CalJunket

Saturday, March 12, 2005

ASUC: Boring!

Sorry for the mostly ASUC-related coverage as of late. Unfortunately the Association has been dominating my hours lately. The websites I run for semi-official purposes (asuc.org and election.asuc.org) have been requiring a lot of my time in the last week, especially since I decided to learn a little html and start formatting pages for my webmaster.
, muthafucka.

I'm also going to need to start campaigning for ASUC president pretty soon. My victory should be a cinch, given that Zach, Manny, Justine, and Yvette are all known communists who are Pol Pot apologists, but it still takes time and effort to get your message out.

I promise to return to my good old-fashioned ranting about local and national news soon enough. In the meantime, enjoy an excerpt from the honors thesis I'm writing for my Interdisciplinary Studies Field degree:


Beef is one of the most historically and culturally misunderstood staples in the North American diet. From birth to death, the beef cow transforms corn, antibiotics, and supplements into sellable parts: bone, gelatin, tallow, internal organs, and, most visibly, meat. After slaughter, the beef cow is transformed once more, however this time both physically and conceptually, and by the consumer rather than by any biological processes. In the latter transmutation, our steer is chopped, frozen, shipped, packaged, cooked, and served, not just as nourishment but as an icon. Beef has been constructed as a sort of liaison between twentieth century urban consumers and the receding "natural" landscape that beef production has so artfully helped destroy since the industrial revolution.

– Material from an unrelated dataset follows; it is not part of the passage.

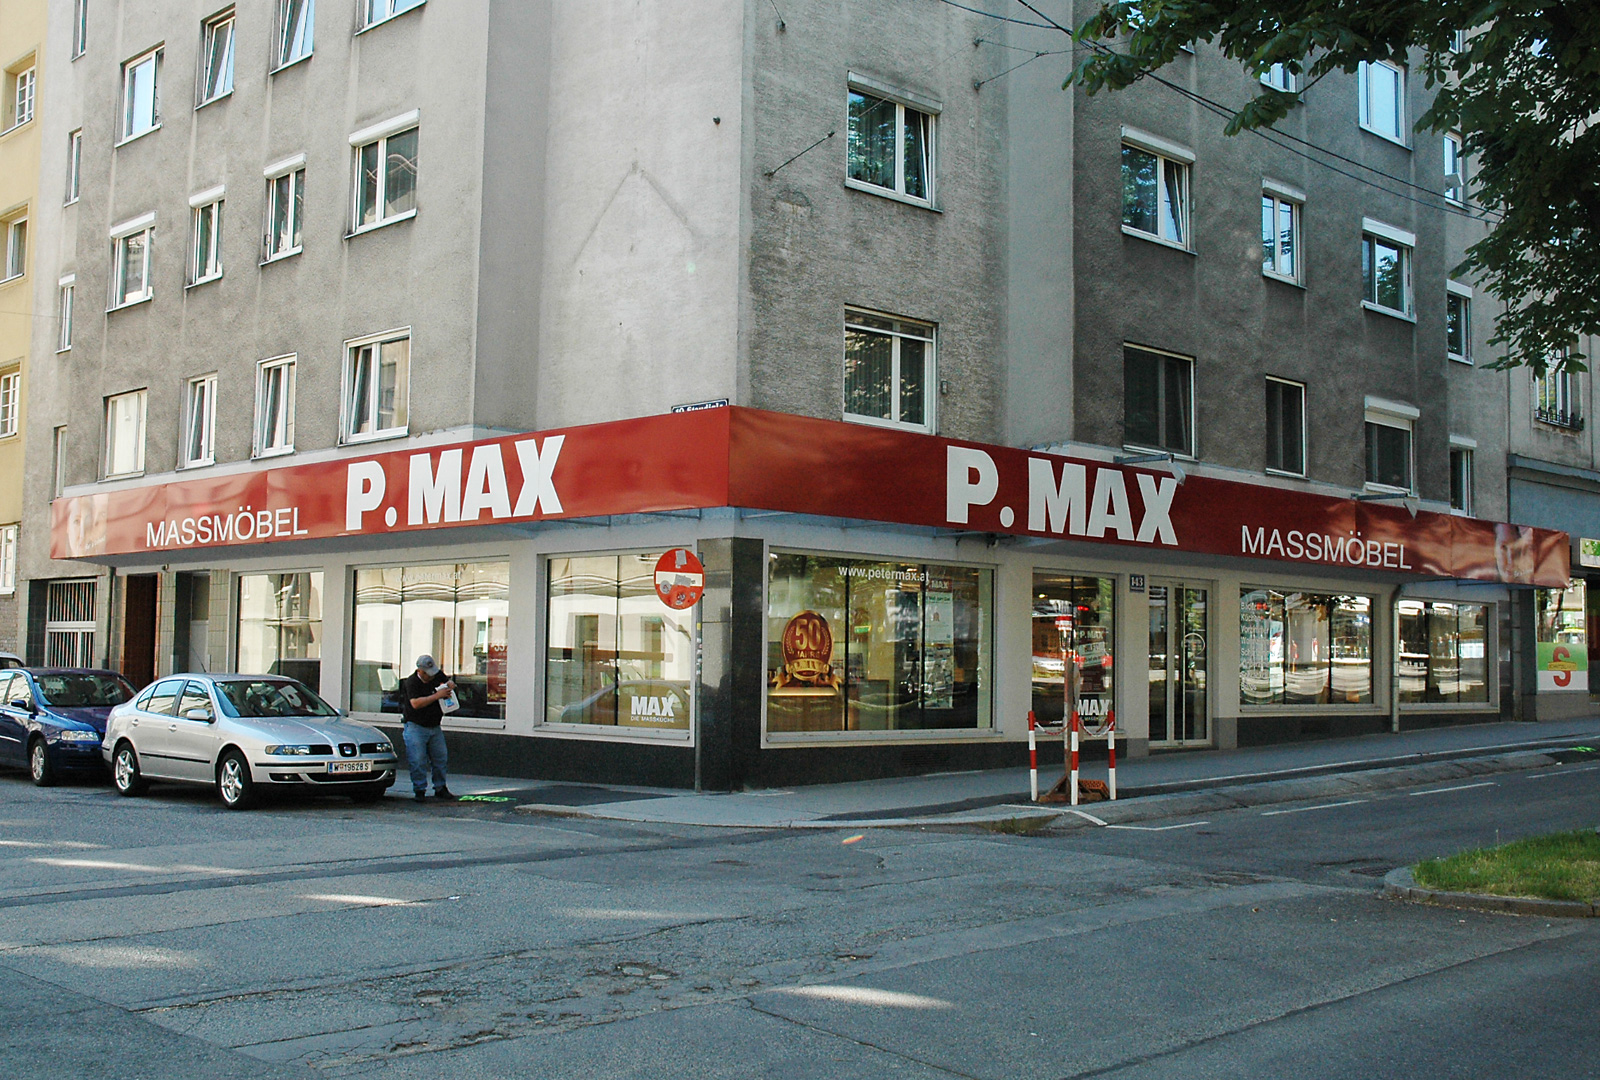 Pmax Filiale 1100 Wien Pmax Maßmöbel
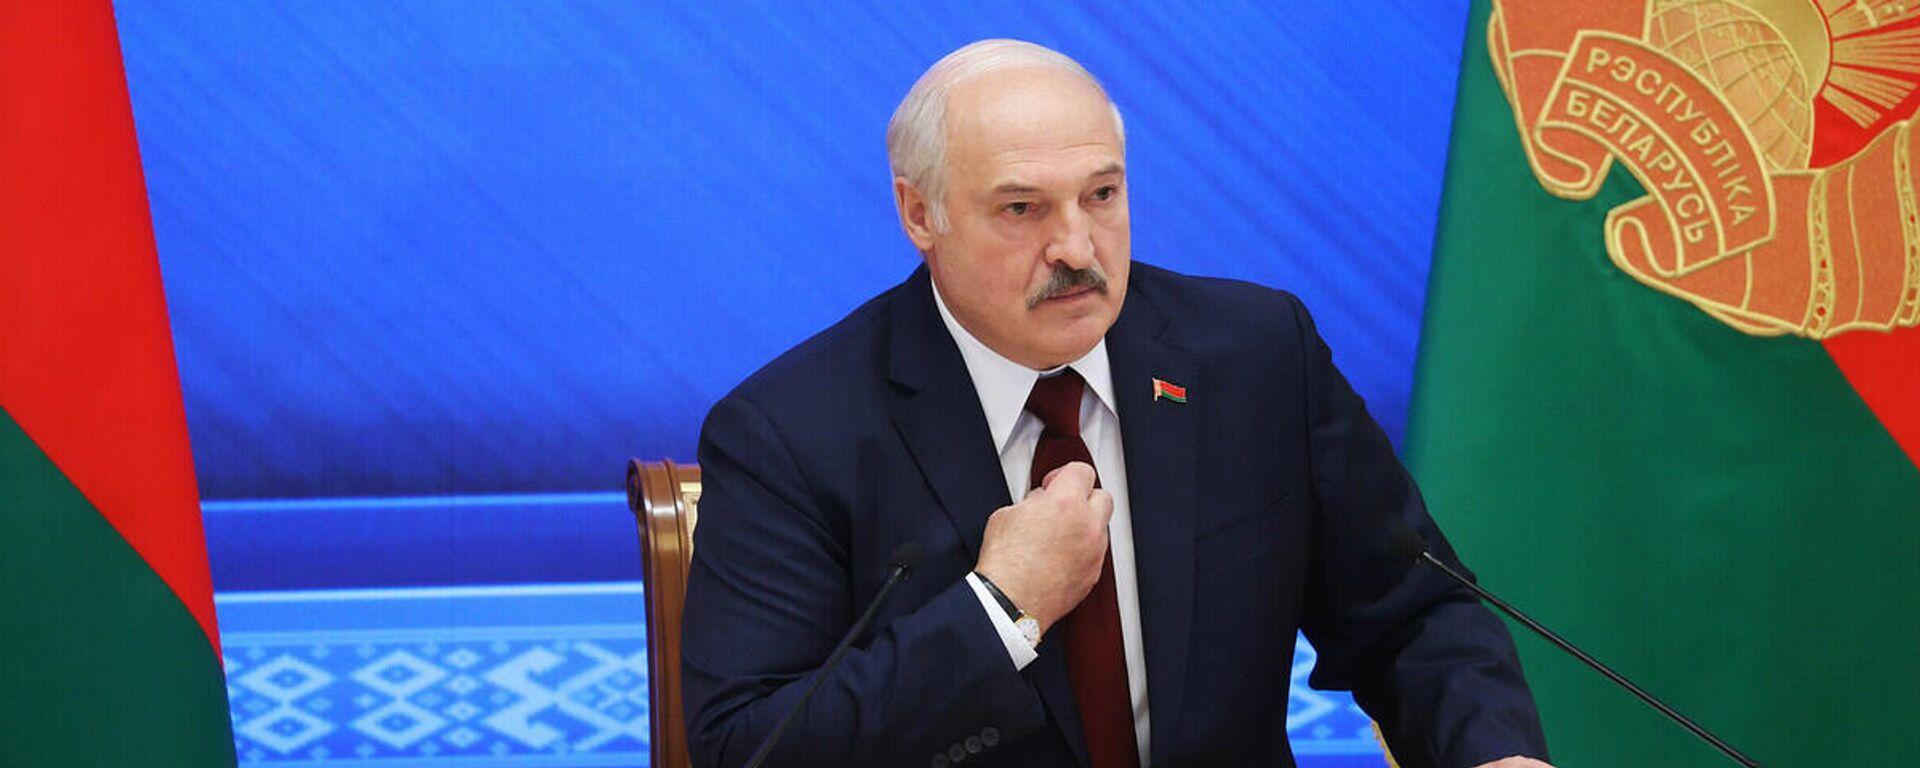 """Lukašenko na """"Velikom razgovoru sa predsednikom"""" - Sputnik Srbija, 1920, 20.09.2021"""

This transformation warrants closer scrutiny because the iconography behind beef is rooted in an increasingly mythical landscape. Unbeknownst to most consumers, the idyllic family farm of popular imagery is on the brink of extinction, and large corporations dominate modern agriculture. Today’s steers are fed previously unimaginable amounts of antibiotics, a practice that forces the evolution of antibiotic-resistant bacteria at an alarming rate. Unless specifically noted, the grass diet that cows naturally eat has been replaced with government-subsidized corn feed, which takes its toll both on the health of the steer and the quality of his flesh. Artificial insemination has turned natural breeding into an antiquated relic of inefficient cow husbandry.

Yet consumers continue to see beef as a linchpin in the natural human diet. Beef production is still conceptualized alongside green pastures, the open range, and a portly farmer donning overalls and wielding a pitchfork. Consumers still see eating beef as an assertion of their natural nutritional needs. Steaks and hamburgers remain a stand-in for masculinity and independence, and our natural dominion over the acquiescent land. Beef has become a parable for national character. Beef has become a legend.

This paper is an analysis of the processes that transform beef into a culturally meaningful meal. It is an examination of the assumptions we have about the natural landscape, our bodies, and our relationship to the earth, and how these assumptions are used to justify eating a product that only vaguely resembles its ancestors of a two hundred years ago. This paper is a look at the visual and conceptual roots of many of our understandings about nature and, by extension, many of our misunderstandings about beef. It is a deconstruction of the modern myths that infuse every serving of pot roast, tri-tip, and ground beef in North America.


The introduction goes on for another five pages, and the whole thing will be at least 60 pages long. For those of you who are interested, I'll host the entire thing as a Word document once the first draft is completed.